#### Exercise objective
Could the listing be repeated exactly, with every picture dropped?

#### Dataset content
####################

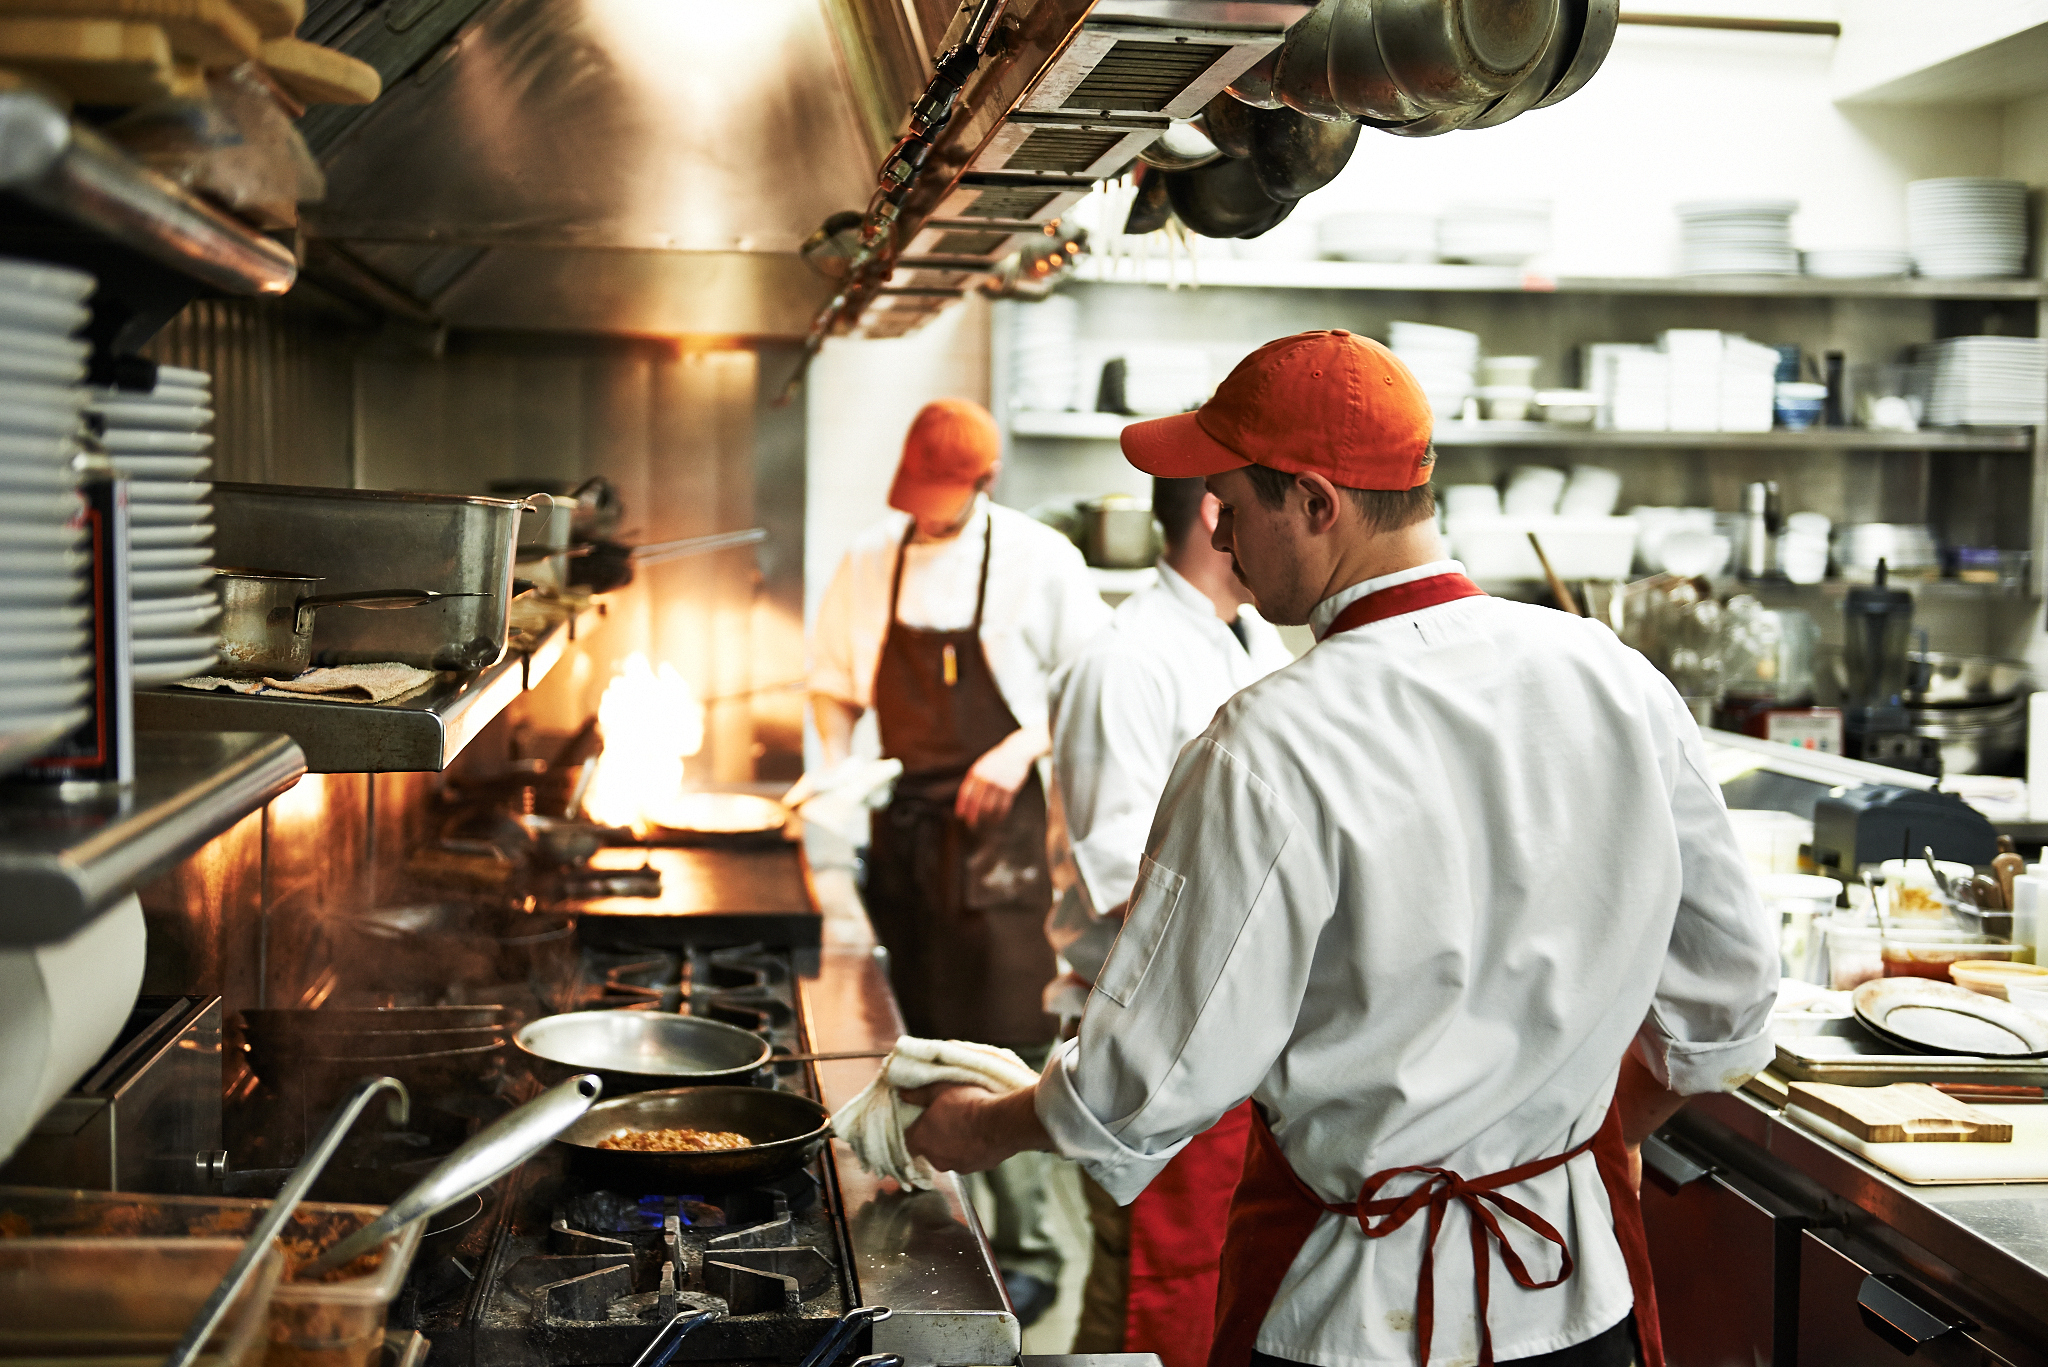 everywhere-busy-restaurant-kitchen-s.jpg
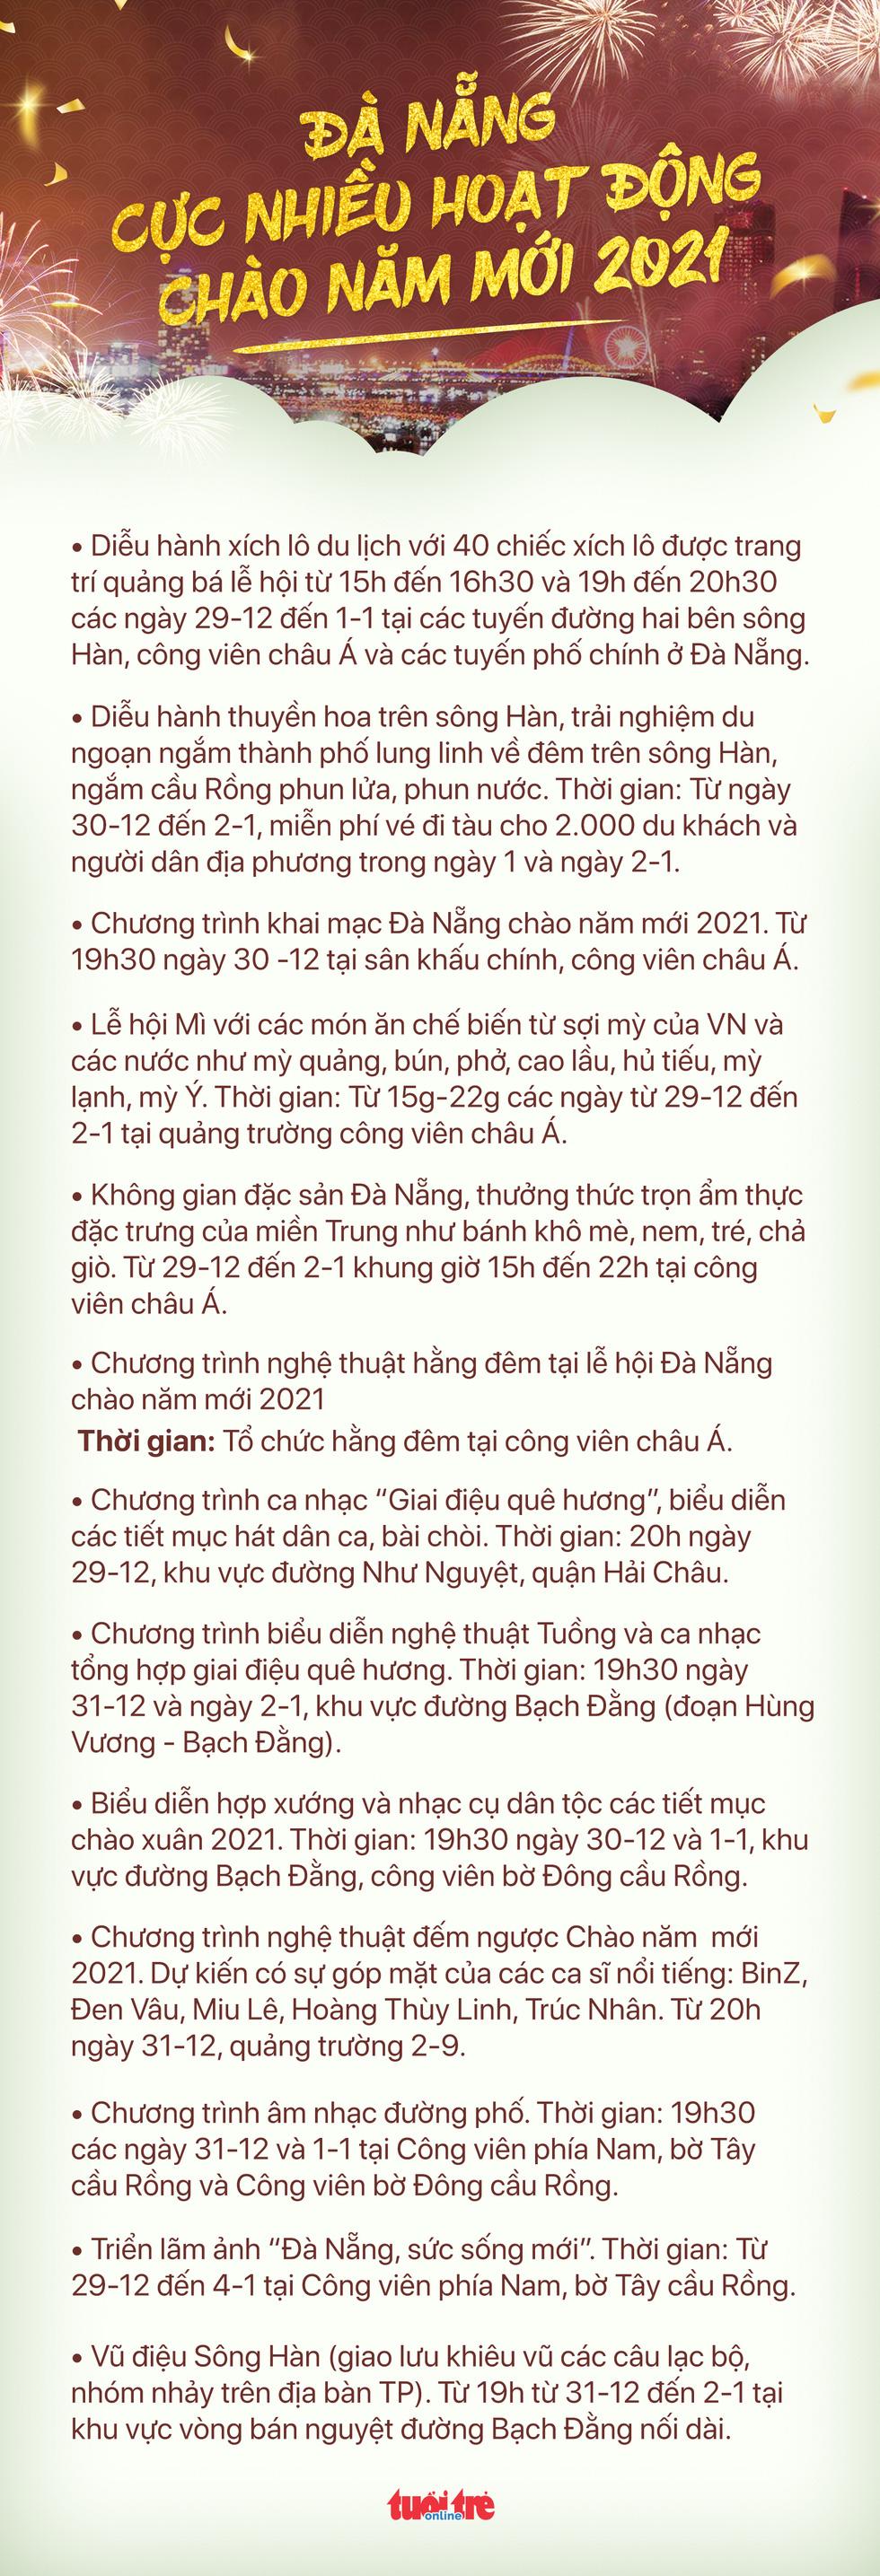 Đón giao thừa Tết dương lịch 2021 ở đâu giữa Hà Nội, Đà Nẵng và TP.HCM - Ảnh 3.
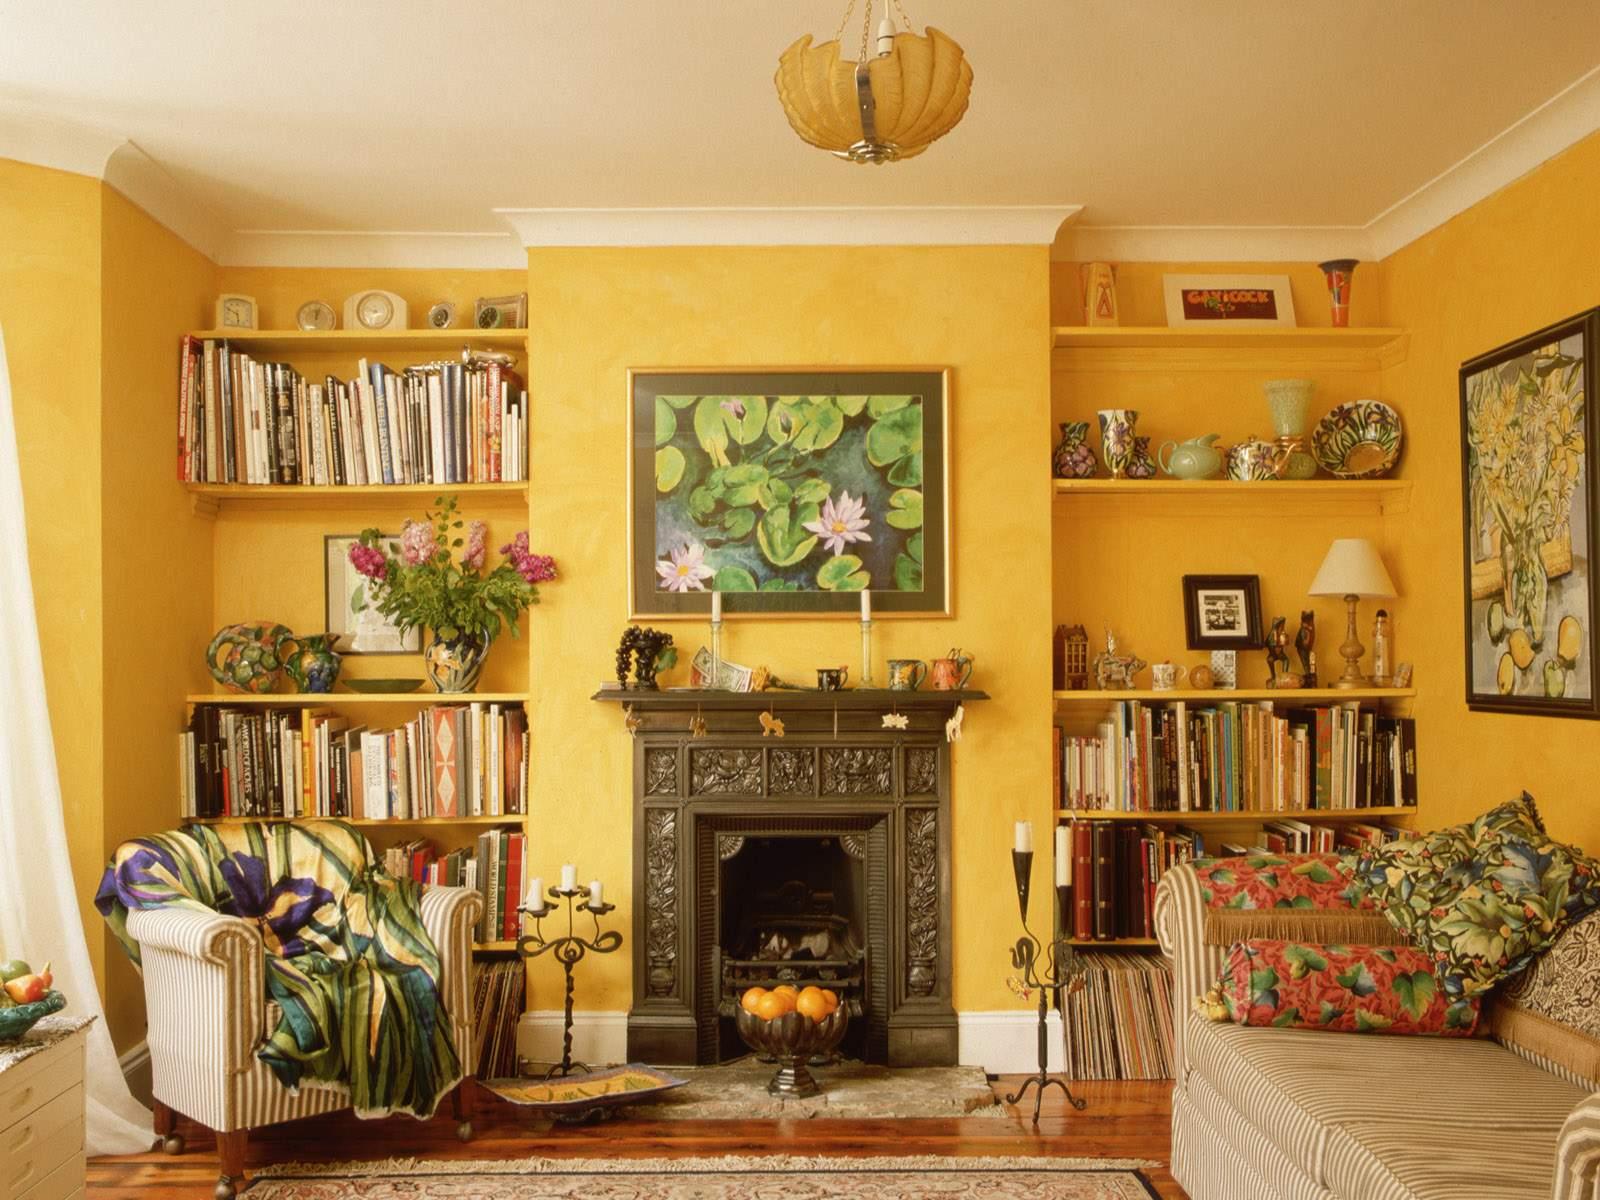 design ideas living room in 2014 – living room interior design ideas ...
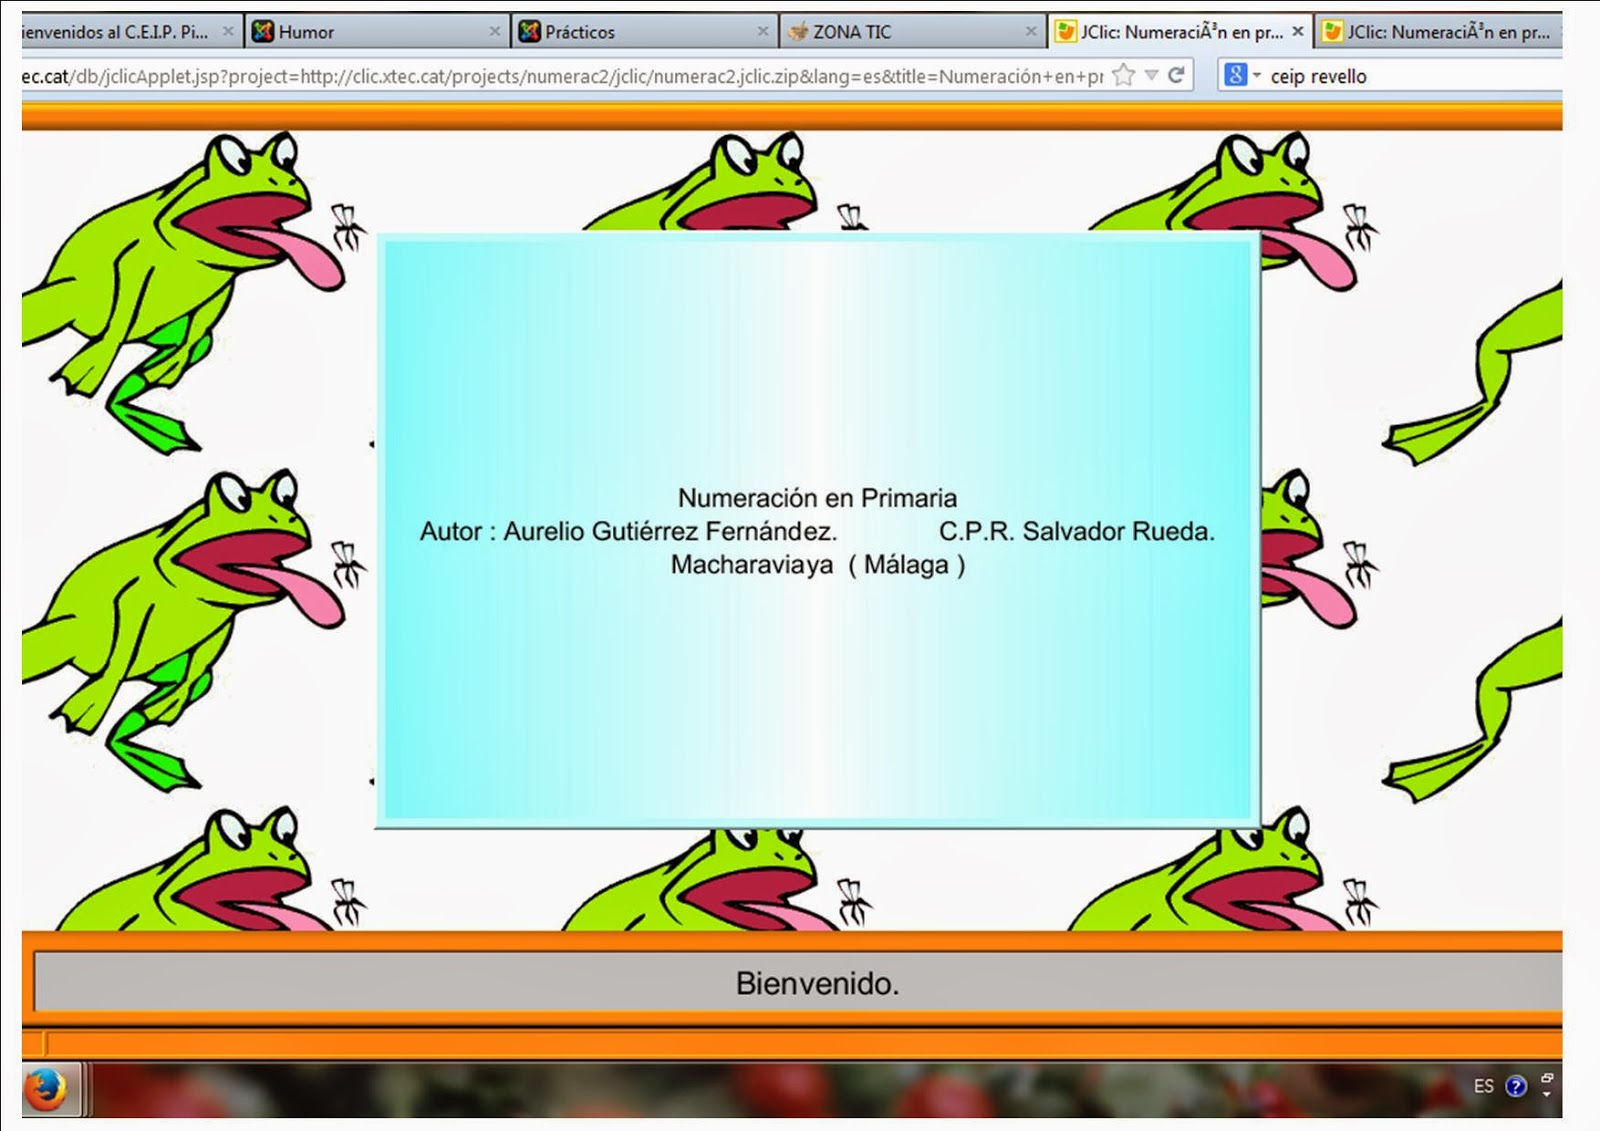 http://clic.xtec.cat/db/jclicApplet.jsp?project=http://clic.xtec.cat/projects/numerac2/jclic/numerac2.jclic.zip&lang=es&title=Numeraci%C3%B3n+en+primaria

####################

#### Solution to this problem
 everywhere-busy-restaurant-kitchen-s.jpg
 Đón giao thừa Tết dương lịch 2021 ở đâu giữa Hà Nội, Đà Nẵng và TP.HCM - Ảnh 3.
 design ideas living room in 2014 – living room interior design ideas ...
 http://clic.xtec.cat/db/jclicApplet.jsp?project=http://clic.xtec.cat/projects/numerac2/jclic/numerac2.jclic.zip&lang=es&title=Numeraci%C3%B3n+en+primaria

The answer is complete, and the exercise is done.